IMG_8934

I was a nervous eight year old, back in 2004. I did not know anyone who was going to be attending camp, but I was hopeful camp was going to be fun. I started to get comfortable with the camp scene in the first couple of days. I was learning about the 4 R’s, getting excited at torchlights, and enjoyed water skiing on the lake. I vividly remember Trojan/Spartan initiation, our cabin singsong to Toxic by Britney Spears, and receiving my camp nickname A.C from the Scats at the time Anne Berry and Abby Green. I felt like I found a place filled with love and gratitude that was set apart from my real home in Houston, TX. I brought my camp life home. My family and I incorporated the echo of time references at the dinner table, my best friend and I wrote singsong’s during the year as Maxi’s, and I looked forward to the camp reunions when we received our yearbooks.
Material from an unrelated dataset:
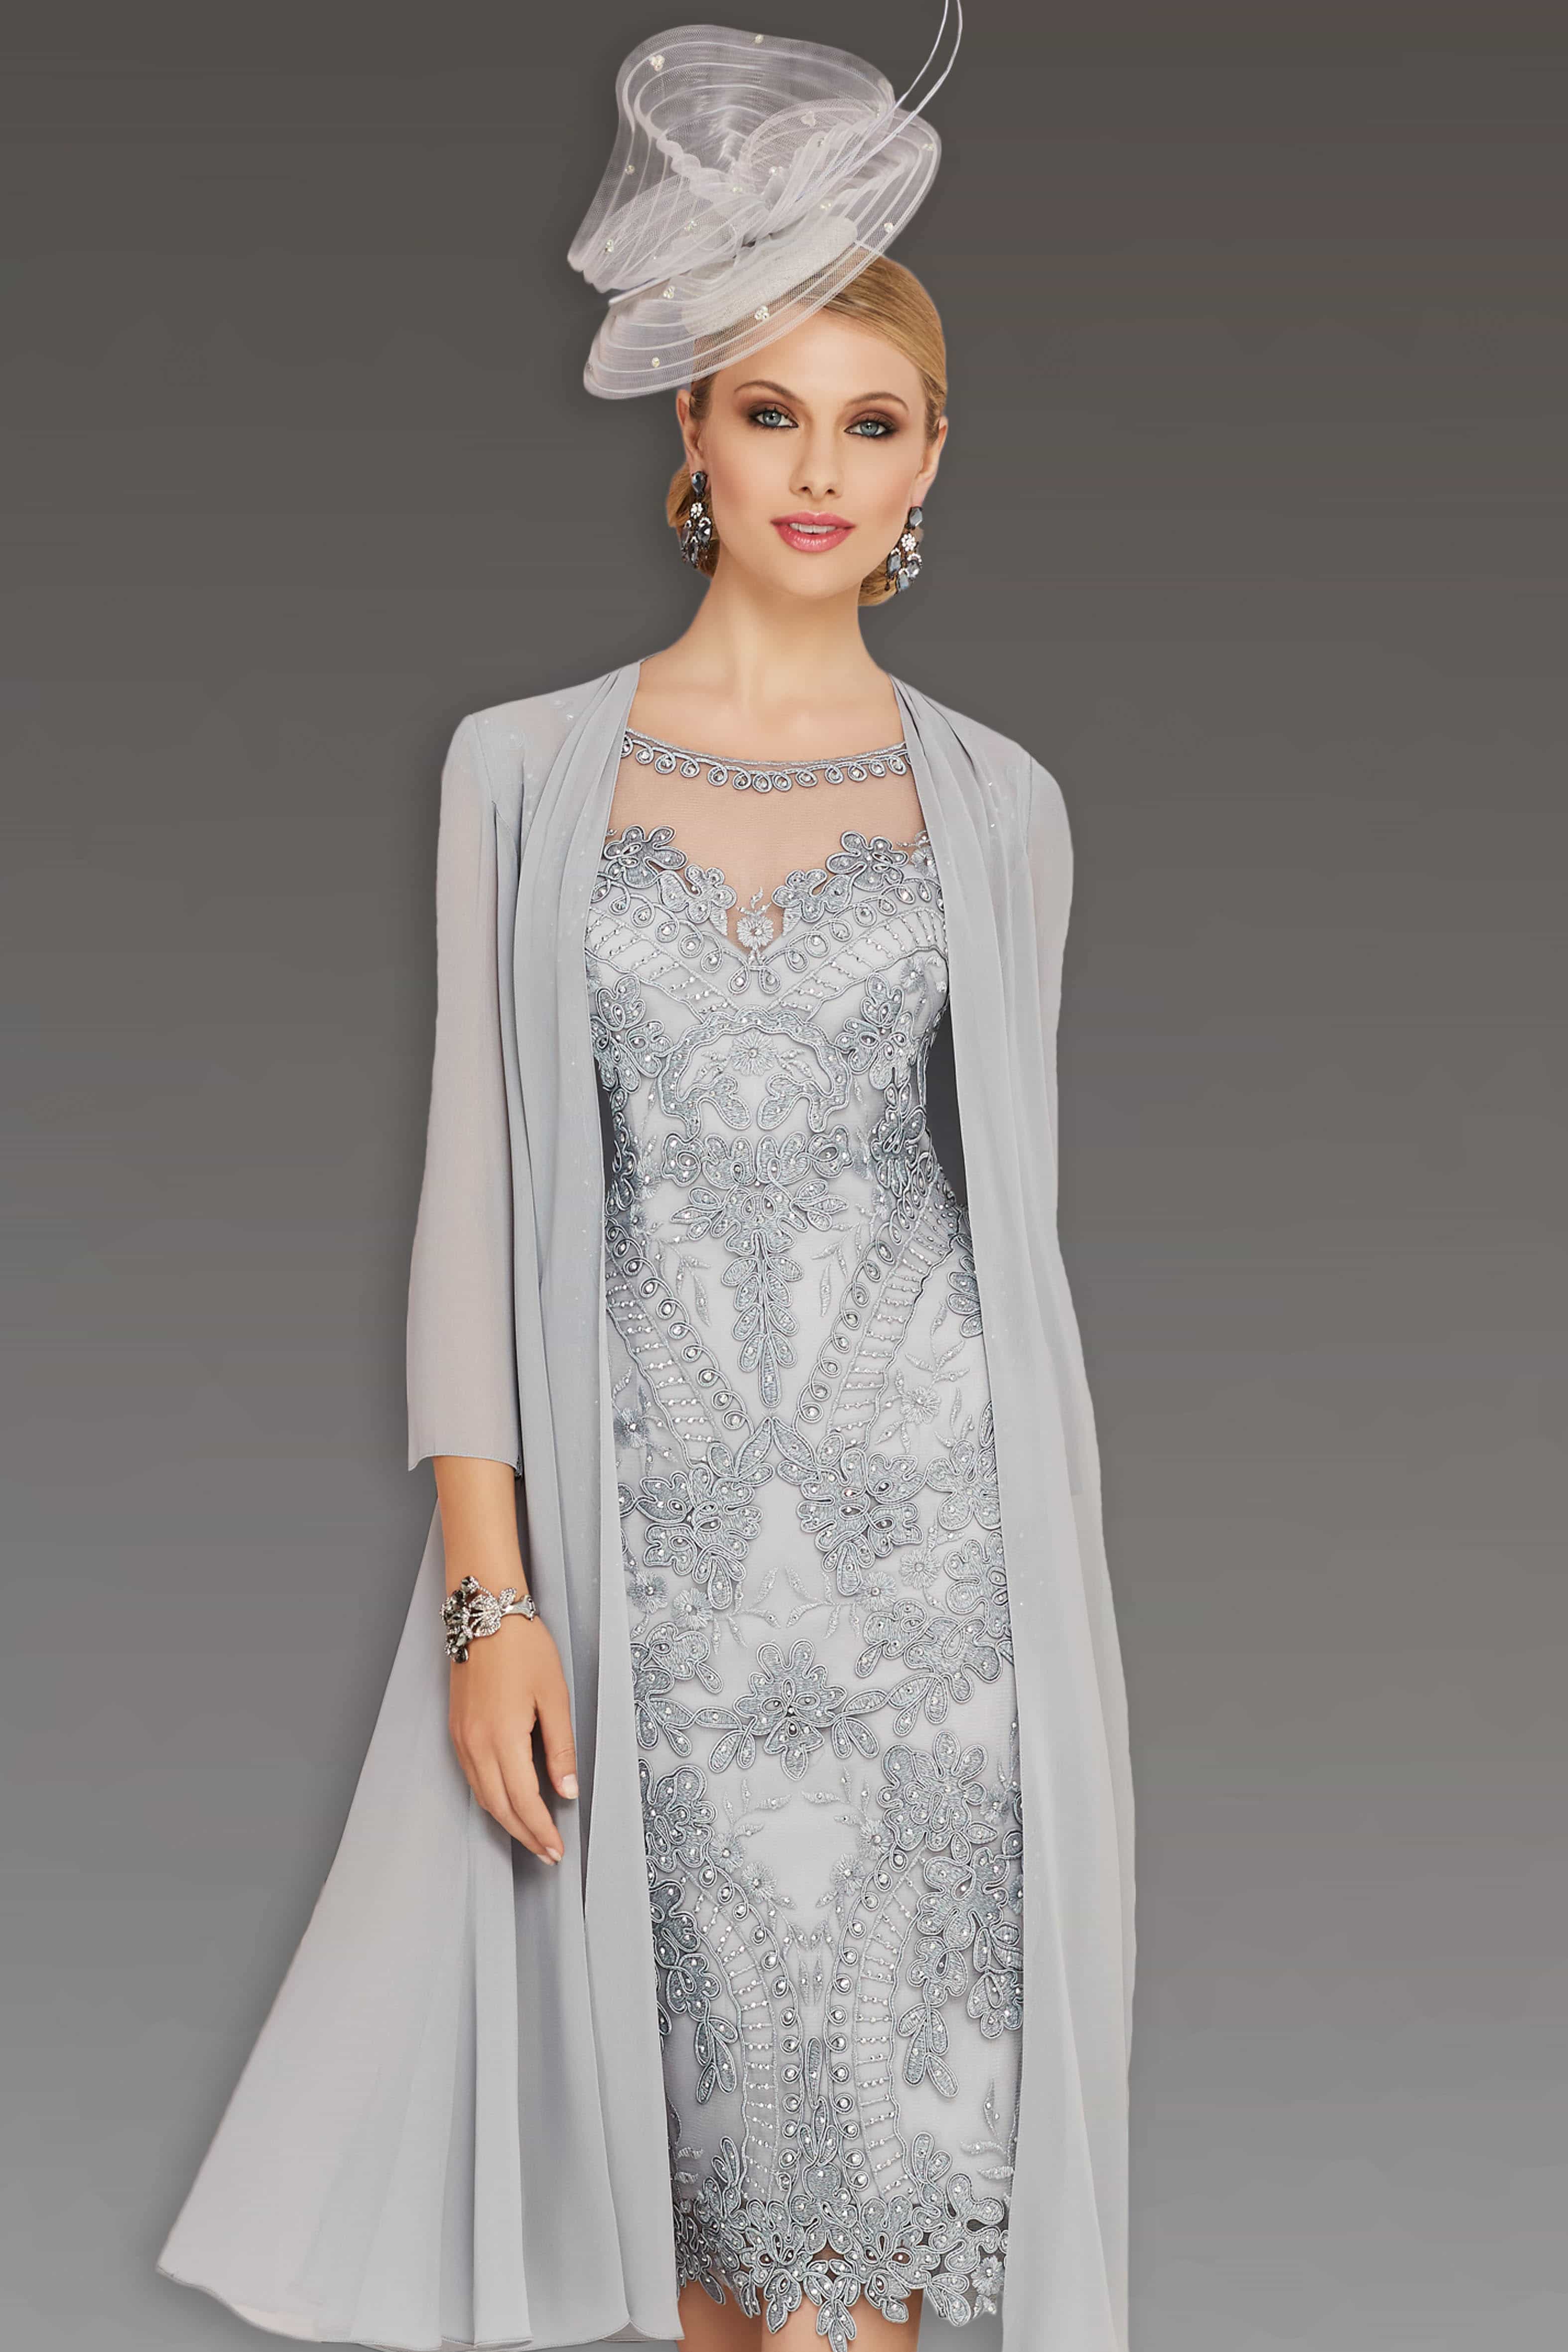 Short lace dress with matching chiffon coat.    Catherines of

When I think about why I come back, I first think about our community. There is not another place on earth that has a group of people that supports and loves you no matter what. I love telling my campers on the first day of camp how it is okay to be WEIRD. I made up this acronym three years ago when I became the Midi division leader. At the ages of 9-12 years old, there are so many pressures to be ‘cool at school’ or to feel accepted. At camp, we embrace our Wacky, Enthusiastic, Independent, Reliable, and Driven sides. We use these traits to our advantage, and know that here at Camp Champions no one will judge you. Where else can you get excited about the torchlight announcements for laundry day or waking up at 7:30 AM? This also boosts up campers confidence starting from day one. I was raised in this community, and when I became a senior camper, I wanted to give back to the younger generation of campers. I wanted them to realize that this place isn’t just water toys on Lake LBJ or being able to zipline after climbing the rockwall. This community is made up of passionate counselors and leaders who want campers to feel supported and loved every day.

I am forever grateful for my time in the Senior Camper program. Being able to give back to this place as a high schooler opened my eyes to how important this camp meant to me and my friends in the program with me. In Baskin talks, we talked about how technology is ruining our face to face skills, how camp is the best place to learn 21st Century Skills, and the ideals of masculinity and femininity in our world today. We learned to be creative with young mini’s who were too lazy to get from place to place by playing red light, green light. We made cleaning dishes in the back of the fillin station fun by collaborating with our peers to make the process go faster. We wrote mission statements on a mountain in West Texas together as a group. I have rewritten my mission statement a few times, and it comes with me to camp every summer. The memories made in these three years helped shape me into the woman I am today.

Traveling Soldier is a song I started to sing to my adopted Midi cabin to sleep when I was their Scat. This was something that I loved to do after dance nights. Slowly I realized that this song would soon become an important part of nightly rituals in the coming years. I would walk around girls side hearing different campers confidently sing this song that I thought was a peaceful song to fall asleep to. I have sung this song to my campers as a counselor at night, to different cabins as their division leader, and last week on the last night of 3rd term to the same girls from my adoptive cabin who are now going to be counselors next summer.

When we have our counselor meetings, we talk about the ripples of time that we are making on these kids lives. We talk about how right now you might not realize the impact you are making on these kids, but why else would campers want to come back every summer.